I am a bit of a writing machine at the mo, though I think I will have a rest now. The extracts are all very different from each other. I hope you like them! Oh, and if any talent scouts or Hollywood producers fancy getting in touch, just form an orderly queue...
Rosa kneels on the lawn. It is summer, but the grass is damp under her bare legs and she wishes that she had taken the picnic rug that Mummy had tried to give her just now. Mummy said that she was wilful and she’d have to learn by her own mistakes. Rosa wonders what wilful means as she pours water from the plastic teapot into a tiny cup and places it in front of Barney, her oldest teddy bear. Wilful is perhaps the same as stubborn. Daddy often says she is stubborn.
‘Would you like tea too, Miss Jemima Puddleduck?’
A stuffed green and brown duck looks at her from its one glassy eye, but says nothing. Rosa nods. ‘Yes, of course you would. You can have a biscuit too.’
Rosa puts cups in front of all her toys and looks back across the long expanse of grass towards her house. The sun hides itself behind a cloud, but that isn’t the reason she has goosebumps forming along her arms. She feels her heartbeat quicken and she tightens her grip on a biscuit. It crumbles and leaves as sticky smear of chocolate on her fingers. Rosa licks the chocolate, but her stomach rolls and she tries to blot out a voice in her head. Daddy will be angry, very angry.

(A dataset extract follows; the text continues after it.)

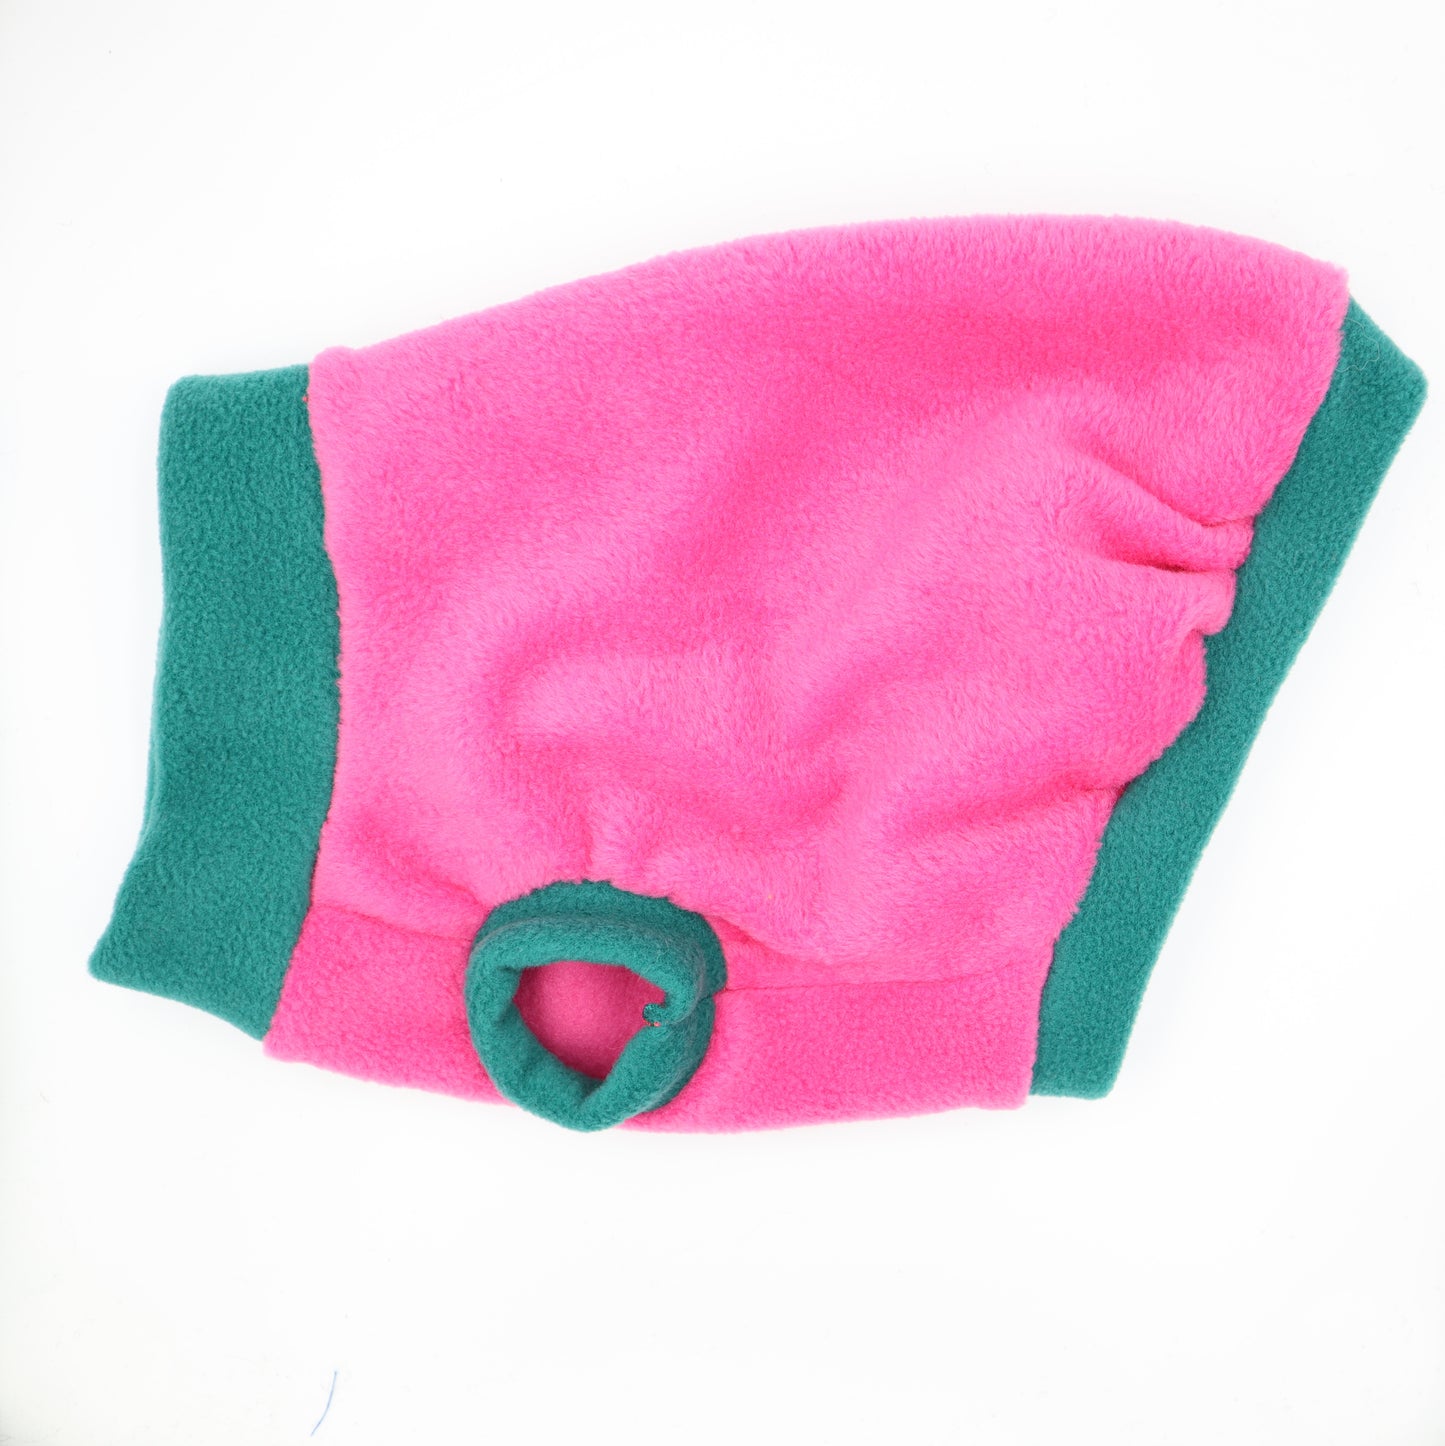 Dog Fleece Tank Top in Bright Pink and Teal
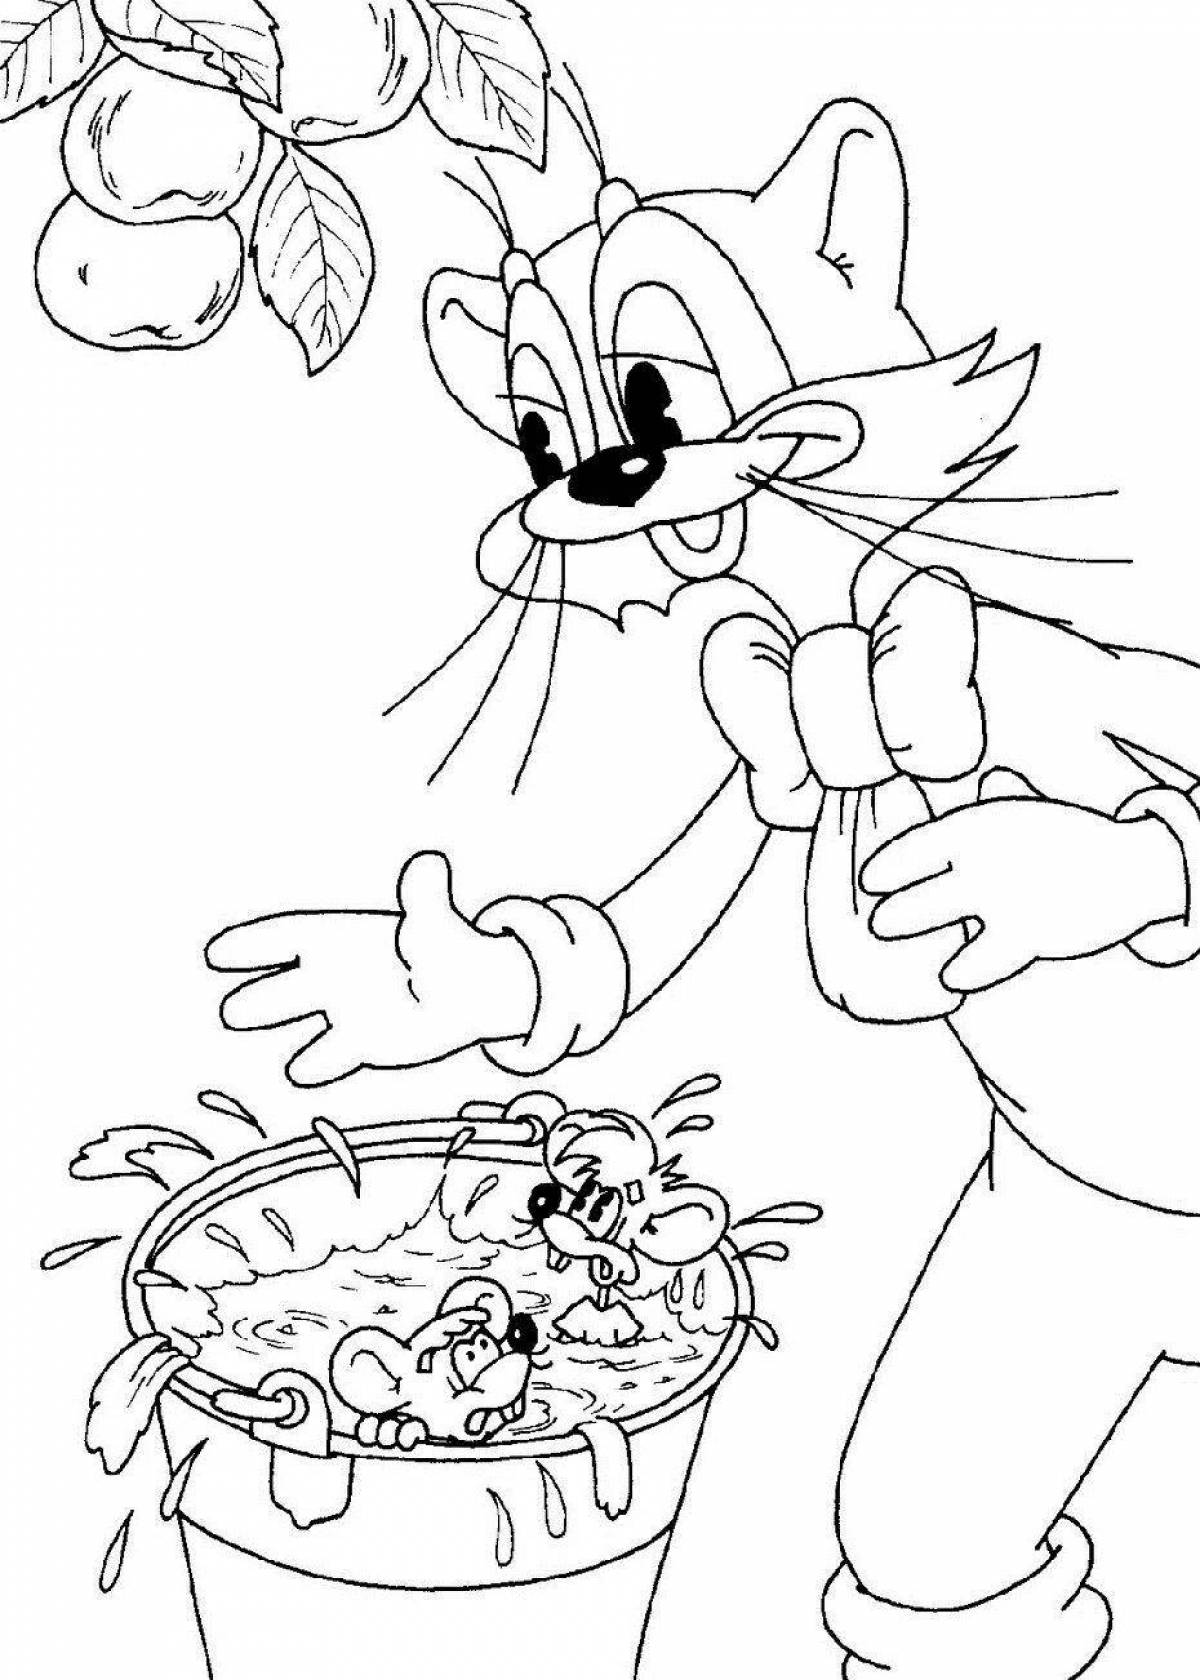 Color frenzy leopold coloring page

A scream pierces the silent afternoon. It comes from the house and it sounds like her mother. Rosa leans her back against a tree and draws her knees up under her chin. She looks at a grass stain on her white sock and her whole body begins to shake. A siren wails up the valley and she knows that something bad has happened. Very bad.
She has been under the tree what feels like a long time, but then she sees Daddy burst from the house as if he has been fired like a bullet from a gun. His hair is messy and he runs his hands through it with wild jerky movements. Daddy’s tie is pulled to the side and he doesn’t look at all neat. Being neat is something he is very proud of. Rosa tries to make herself small, but he has seen her and runs towards her ... fast.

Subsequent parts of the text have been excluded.